Quem é você ? Que lugar é esse ? Espera, você não vai tirar meus órgãos, vai ? Pois saiba que a bebida já acabou com eles. Meus rins ? Já eram. Meus pulmões ? Pretos, igual carvão. Meu coração ? Quebrado. — gritei para ele, mas não obtive resposta. Fiquei irritado com a atitude do sujeito, então comecei a xinga-lo dos piores nomes que lembrava. Logo, perdi o fôlego e parei com os insultos, e assim o homem começou a me fazer perguntas com sua voz toda estranha.

O que você tem de único? Qual sua melhor qualidade e seu pior defeito?
Sério ? Um questionário ? Você podia ter feito isso por um e-mail, não precisava me apagar e me prender num lugar esquisito. — debochei, mostrando-lhe um meio sorriso, entretanto, o homem pareceu não ligar, continuou imóvel como uma pedra. Pelo jeito ele não iria embora até que respondesse sua pergunta. — Certo, o que eu tenho de único, bem, quando eu amo alguém faço isso com toda minha alma. Minha melhor qualidade é a fidelidade, e meu pior defeito é a preguiça.

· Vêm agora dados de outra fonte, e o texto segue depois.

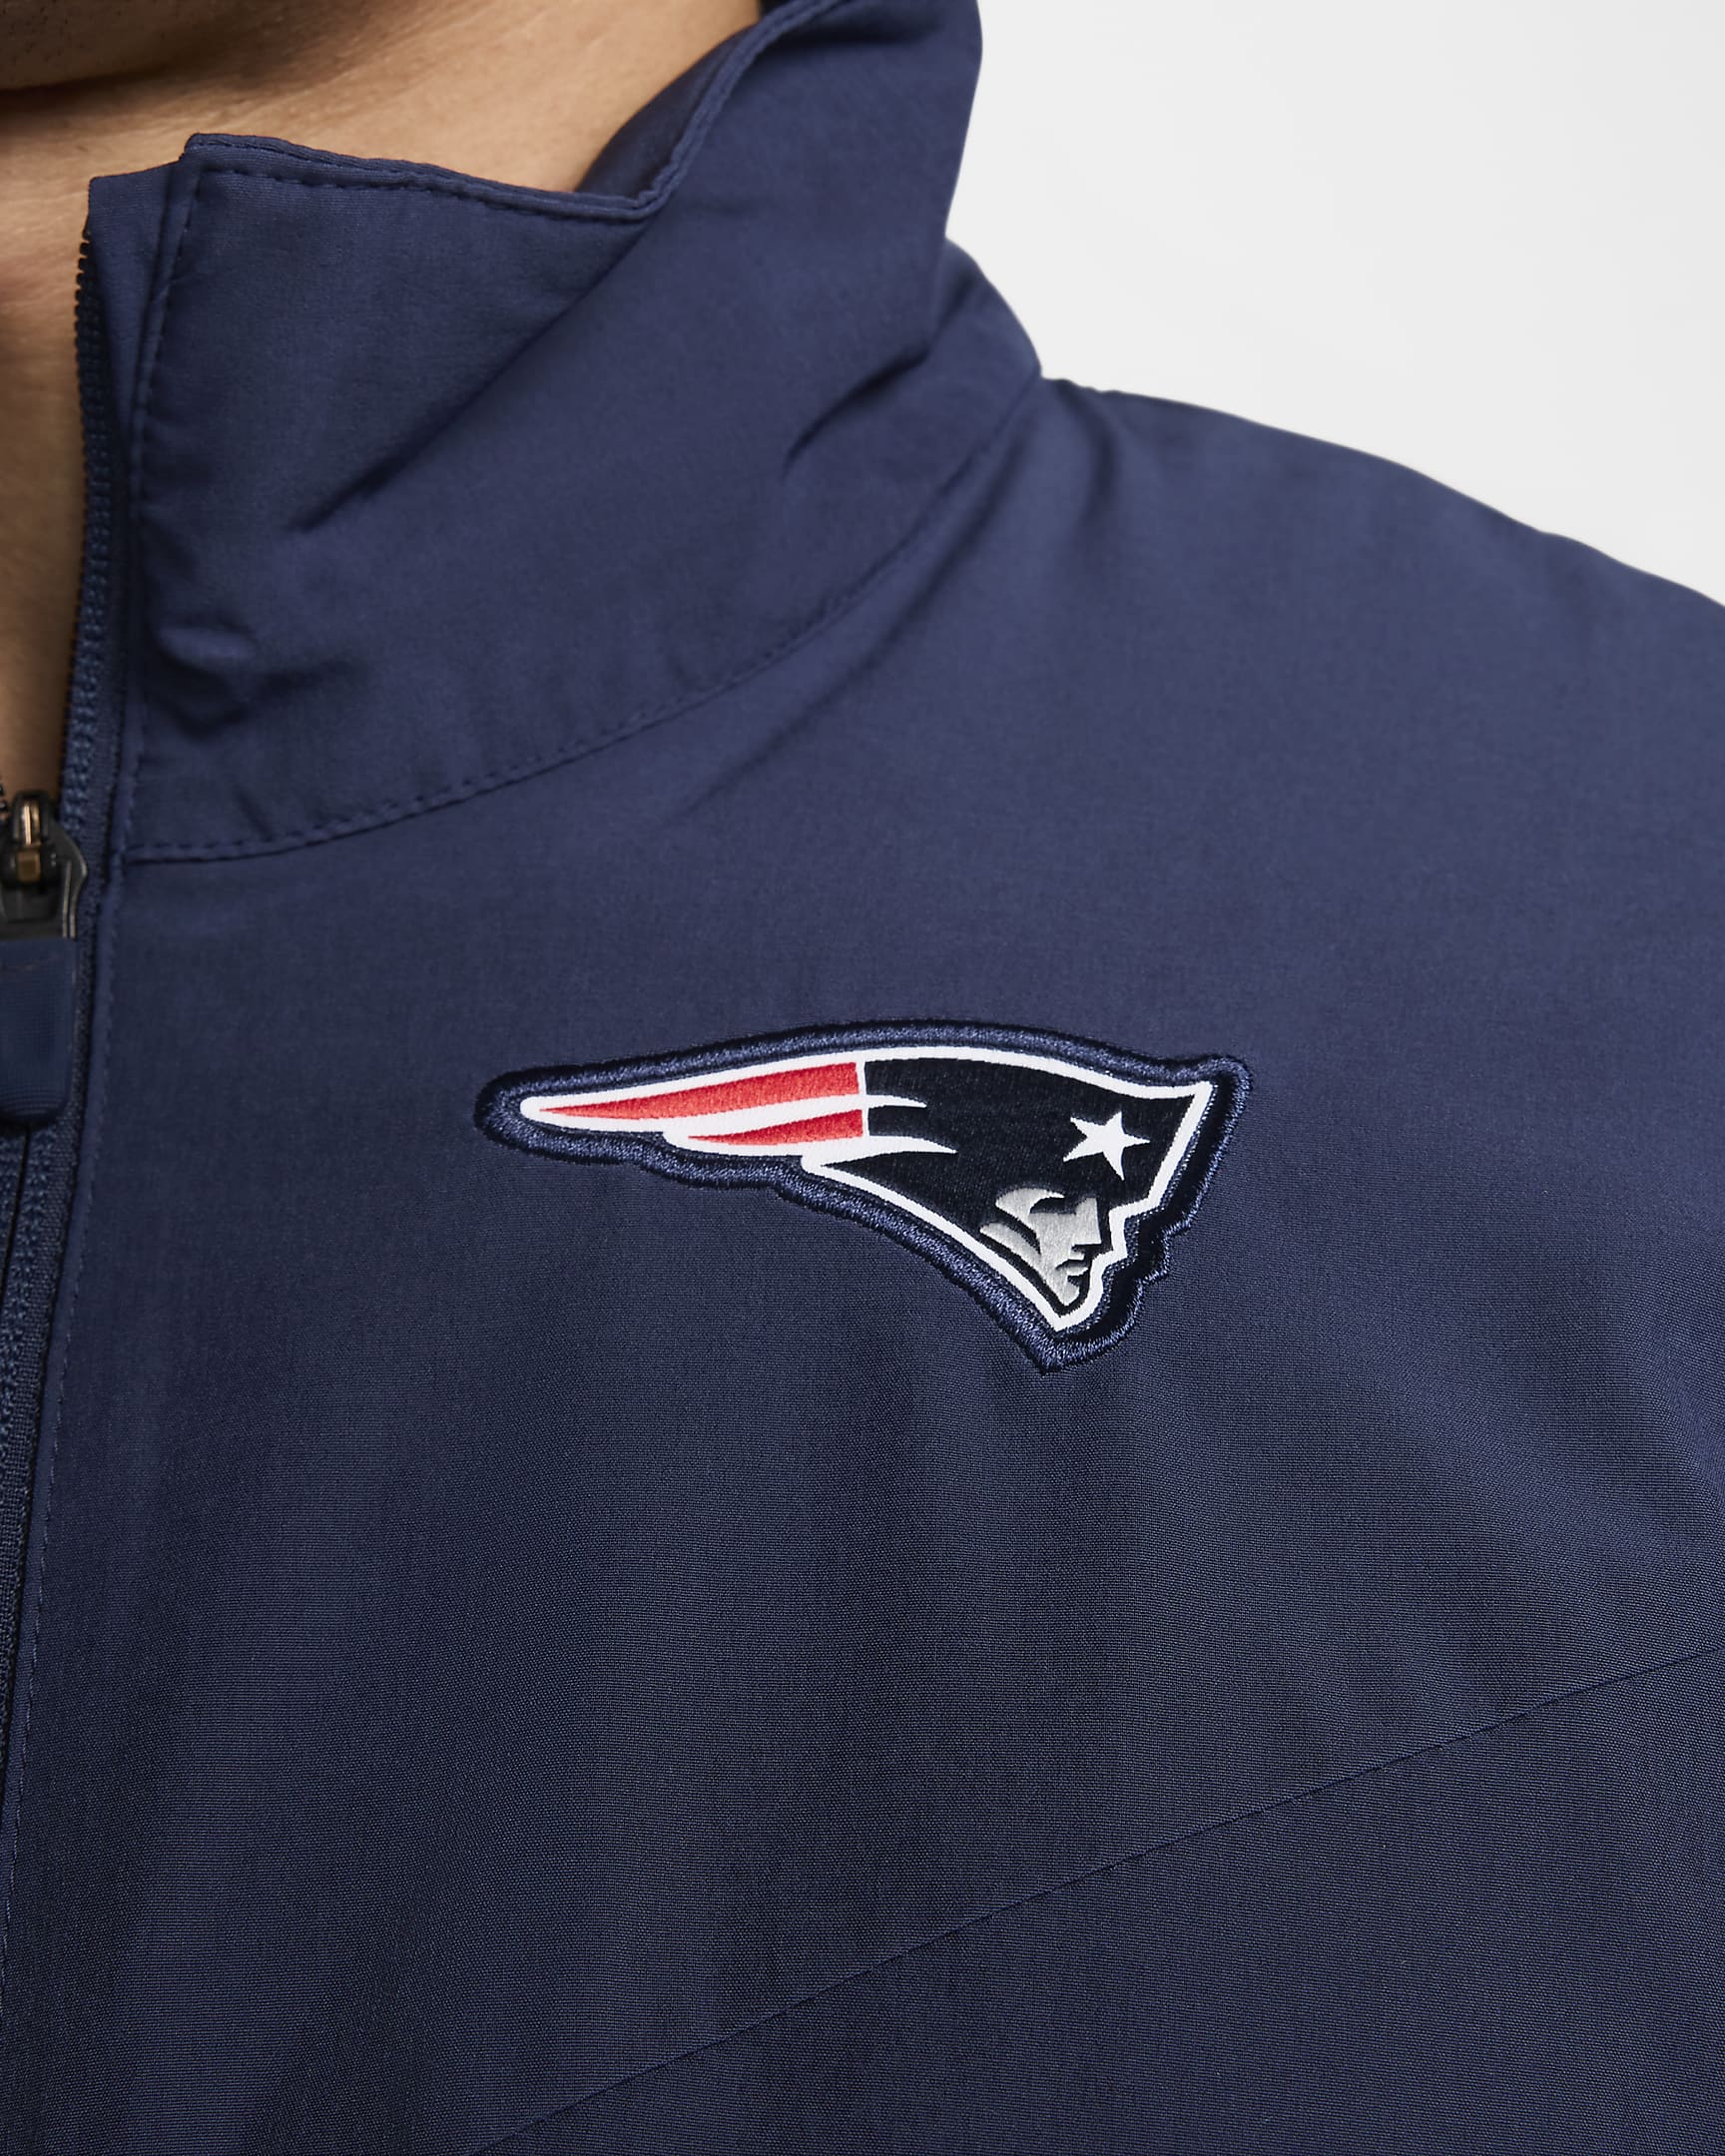 Nike Sideline Repel (NFL New England Patriots) Men's Full-Zip Jacket - College Navy

Por quais motivos acha que veio para cá? O que vai fazer se eu te contar que nunca mais vai poder voltar para casa?
Olhei bem para ele, não parecia estar brincando, tudo o que dizia era sério. Mesmo não vendo seu rosto tinha certeza que estava se divertindo com isso, nunca mais sairia dali. — Talvez este seja meu castigo, estou pagando pelo que fiz a minha amada. Se quer saber, não me importa se irei ou não sair daqui. Não existe um lugar para mim.

Qual era a coisa mais importante na sua antiga vida e por que era isso?
Essa é fácil, minha amada era a coisa mais importante em minha vida, antes dela morrer, é claro, pois ela era tudo para mim. — Novamente as lágrimas brotaram em meus olhos, mas dessa vez consegui as conter, então notei algo que tinha passado despercebido por mim naquela pergunta. — Espere, o que você quis dizer com antiga vida ? — Mas ele não respondeu.

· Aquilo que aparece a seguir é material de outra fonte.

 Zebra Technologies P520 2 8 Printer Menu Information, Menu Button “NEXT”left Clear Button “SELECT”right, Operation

Se defina em três palavras.
Estava a ponto de gritar novamente, de xingar ele e berrar o quanto aquilo não fazia sentido; porém, não o fiz. Me acalmei e respondi a pergunta. — Sarcástico, inteligente e fiel.

Qual seu maior medo e o que você faz para combate-lo?
Você não vai acreditar, mas odeio palhaços. Eles me assustam mais do que...mais do que você. Eu simplesmente evito eles, não indo em circos, festas de crianças ou qualquer lugar em que eles possam estar.

O ser não falou mais nada. Se aproximou de mim e largou uma ficha onde devia ter gravado minhas respostas em cima de uma mesa, que ficava ao lado da maca, de onde pegou uma seringa com um líquido cinza; ajeitou suas luvas de plástico e infincou o objeto em mim, dispersando o líquido em minhas veias. O grito em minha garganta foi crescendo, crescendo, crescendo até eu perder a voz. Os meus sentidos começaram a vacilar, a sala estava rodando em minha volta e eu começava a apagar, dois vultos negros me pegaram e me arrastaram, então apaguei de vez.

Quando acordei, percebi que minhas roupas não eram mais as mesmas. Estava agora vestido com uma camisa e calça listrados de preto e branco, como se eu fosse o detento de alguma prisão, além do fato de realmente estar numa cela, contudo, a porta dela estava aberta. O que aconteceria comigo a partir de agora ?



Poder:
Percepção
Percepção é a habilidade precognitiva de interver ataques através de visões instantâneas do presente. Consegue manipular os movimentos para desviar de ataques que já previu anteriormente, tal como perceber se está sendo seguido, ou se alguém está mentindo, por exemplo.